Objective: This study aimed to use the Surveillance Epidemiology and End Results (SEER) database to investigate the incidence and associated factors of early-onset colorectal cancer (EO-CRC), construct a nomogram based on prognostic-related variables to predict the risk of liver metastasis in EO-CRC, predict the overall survival (OS), and guide individualized treatment, to help manage EO-CRC and improve survival.
Methods: Data regarding patients diagnosed with CRC between 2010 and 2016 were retrieved from the SEER database, and the incidence rates of different age groups, genders, and distant metastases (bone, brain, liver, and lung) after age standardization were analyzed and calculated. We selected patients with EO-CRC for further study and randomly divided them according to a 7:3 ratio for the training and validation cohorts. The validation cohort was used for the internal verification. Logistic regression analyses were used to examine the risk factors of liver metastasis. Multivariate analysis was used to construct a nomogram to predict the risk of liver metastasis in EO-CRC. Cox regression analysis identified statistically significant variables related to prognosis to construct a nomogram to predict the OS of EO-CRC patients. The nomogram’s performance was estimated by the receiver operating characteristic (ROC) curve and calibration curve. The Kaplan-Meier method was used to classify patients into high-risk and low-risk groups according to the optimal cutoff of the prognosis (PI). Risk stratification effectively avoids the survival paradox.

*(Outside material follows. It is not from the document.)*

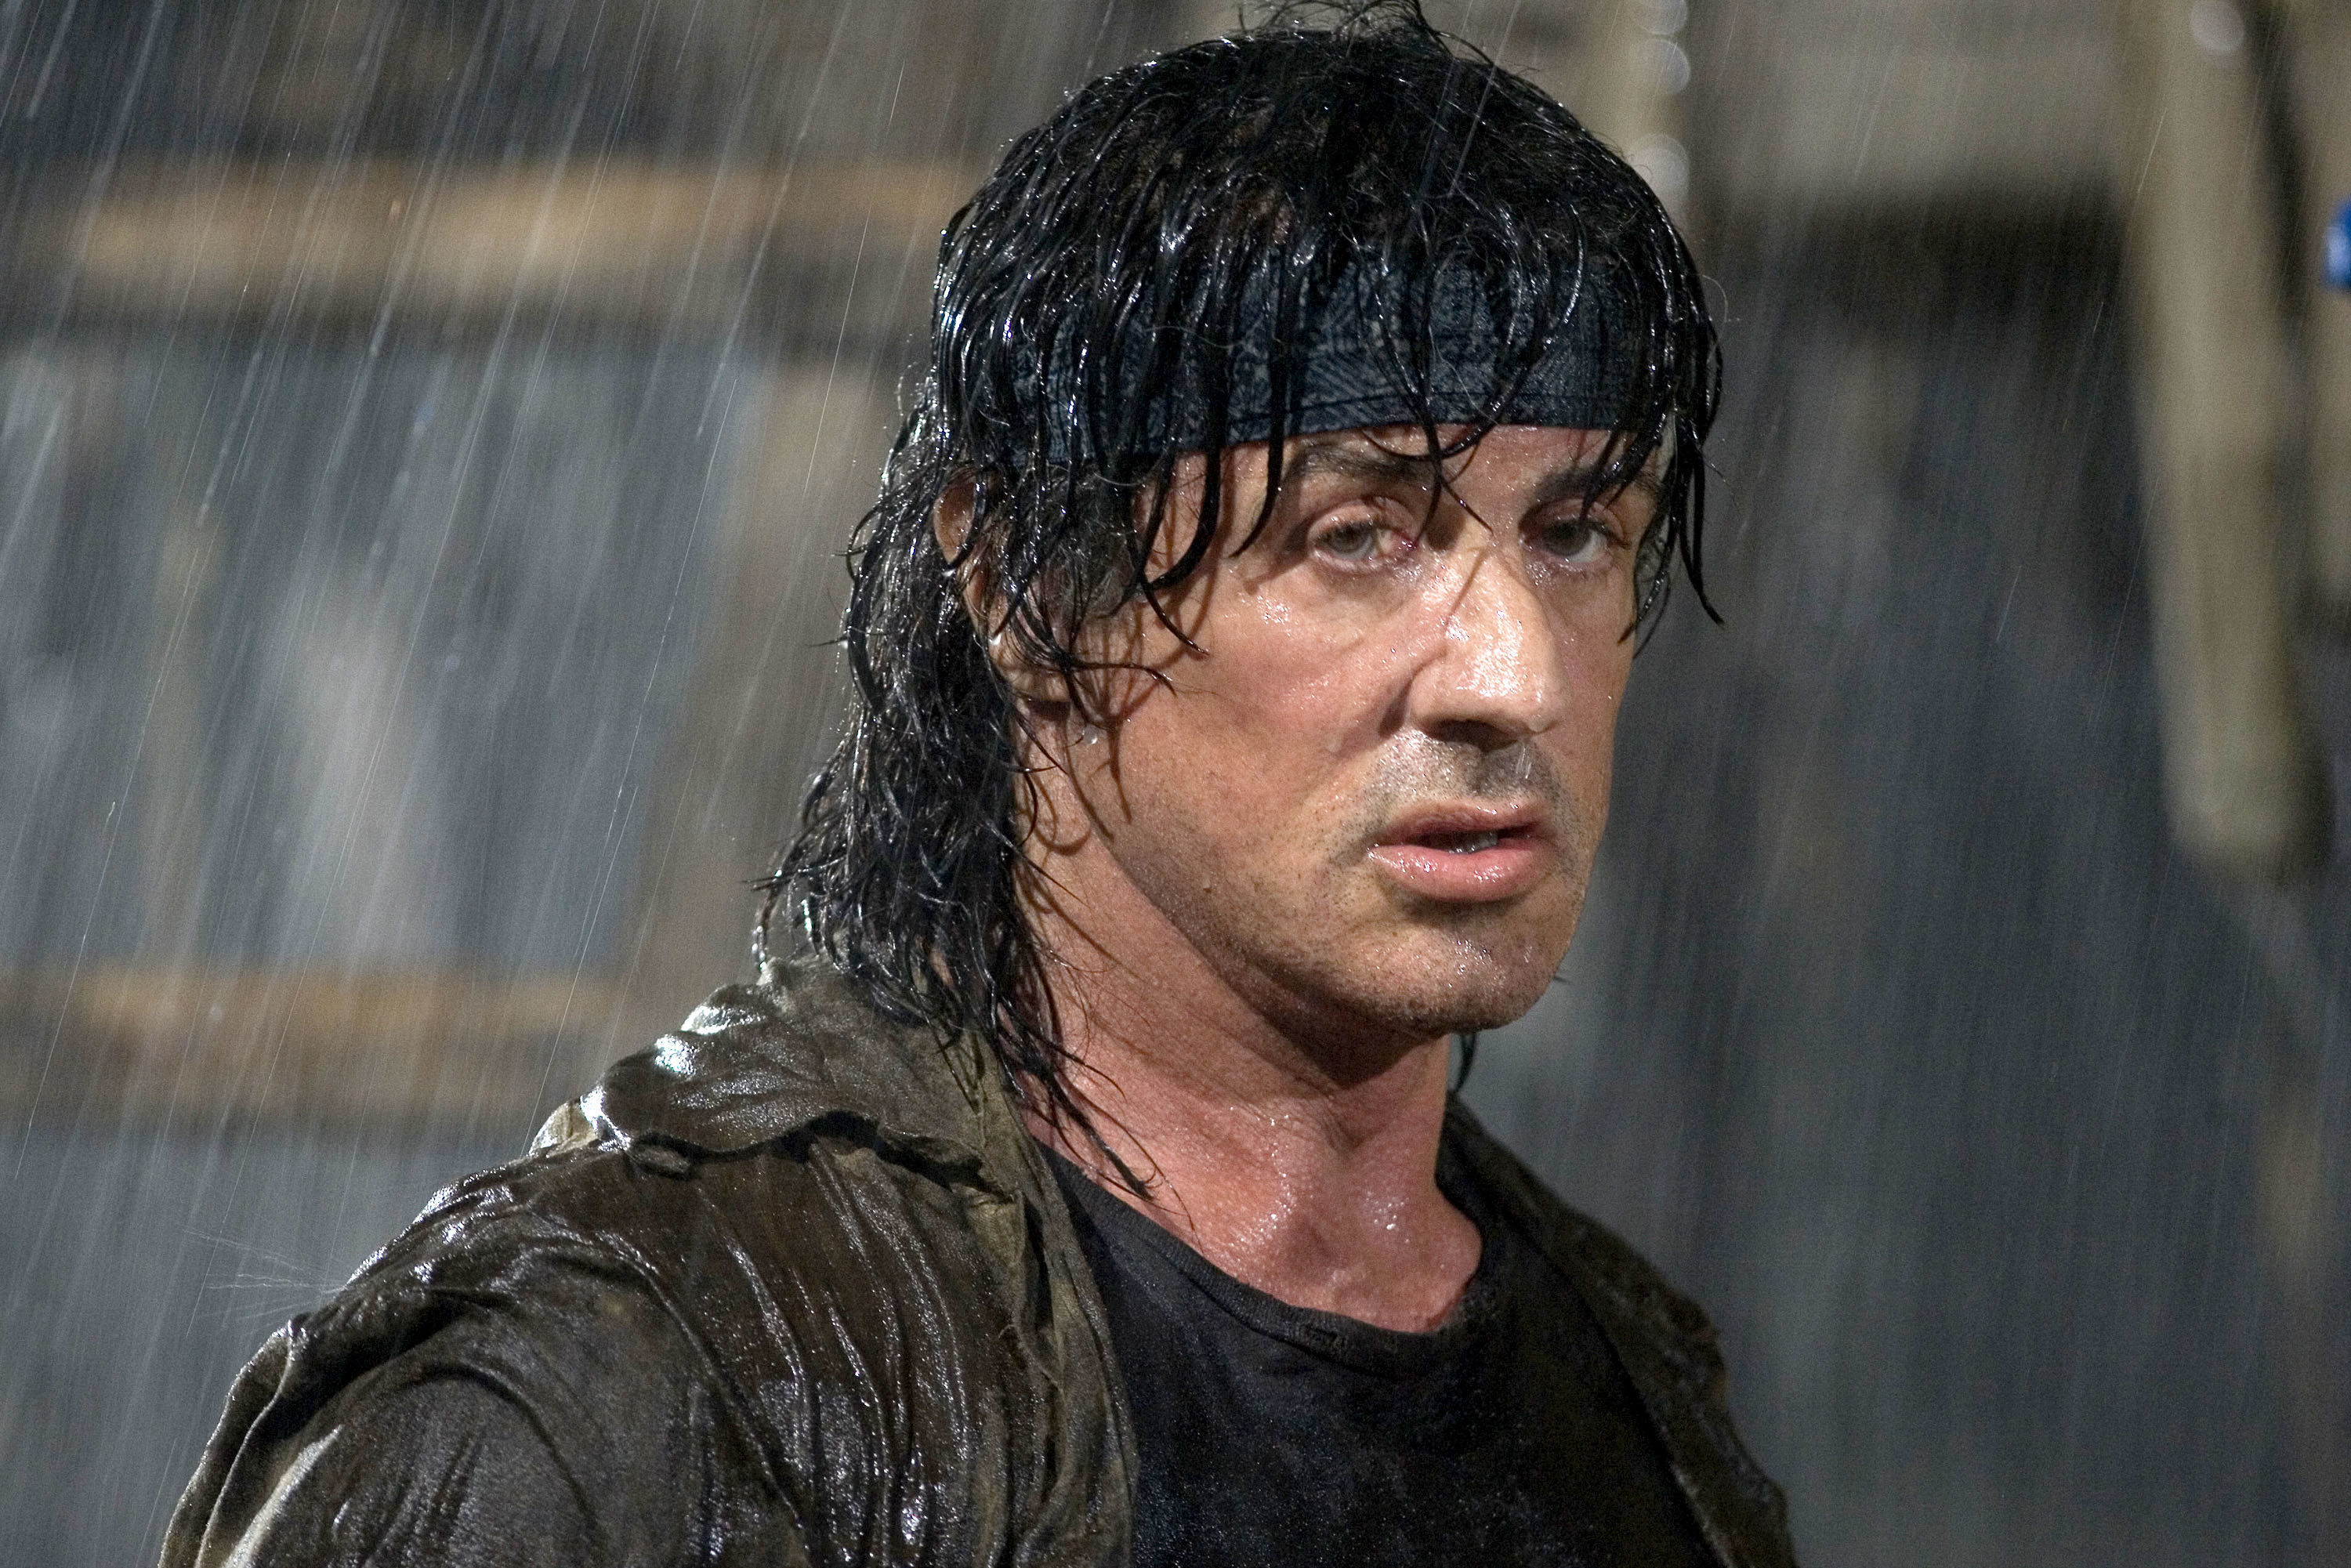 Sylvester as Rambo in the rain

Results: The incidence of CRC decreased annually from 2010-2016 and increased with age, continuing to rise from 35 years old. The incidence of CRC according to gender and distant metastasis is stable, and the incidence in men is higher than in women. The most common distant metastatic organ is the liver. Logistic regression analysis revealed that the grade, N stage, treatment (surgery, radiotherapy, chemotherapy), bone metastasis, CEA, tumor deposits, and perineural invasion were significantly related to liver metastasis of EO-CRC. The optimal cutoff, specificity, and sensitivity of the total score of the risk nomogram for liver metastasis of EO-CRC in the training cohort were -1.627, 0.801, and 0.754, respectively. The validation cohort's optimal cutoff, specificity, and sensitivity were -1.903, 0.763, and 0.763, respectively. ROC curves showed good discrimination in the training cohort (area under the curve [AUC] 0.848) and validation cohort (AUC 0.839). Cox regression analysis revealed that race, primary tumor location, grade, sex, NM stage, primary tumor resection, chemotherapy, tumor size, distant metastasis (bone, liver, lung), CEA, tumor deposits, and perineural invasion were independent prognostic factors for OS in patients with EO-CRC. The 1-, 3-, and 5-year OS AUCs were 0.845, 0.838, and 0.816 in the training cohort and 0.854, 0.839, and 0.815 in the validation cohort, respectively. Using the optimal cutoff of the prognosis, all patients were stratified into high-risk and low-risk groups, and the Kaplan-Meier curve indicated that patients with higher risk had worse survival outcomes. The calibration curves exhibited good consistency between predicted and actual survival rates.
Conclusions: This study analyzes the relevant epidemiological information and clinicopathological and molecular characteristics of EO-CRC and uses a nomogram to stratify the risk of patients with EO-CRC, which will help clinicians manage patients and formulate more precise individualized treatment strategies.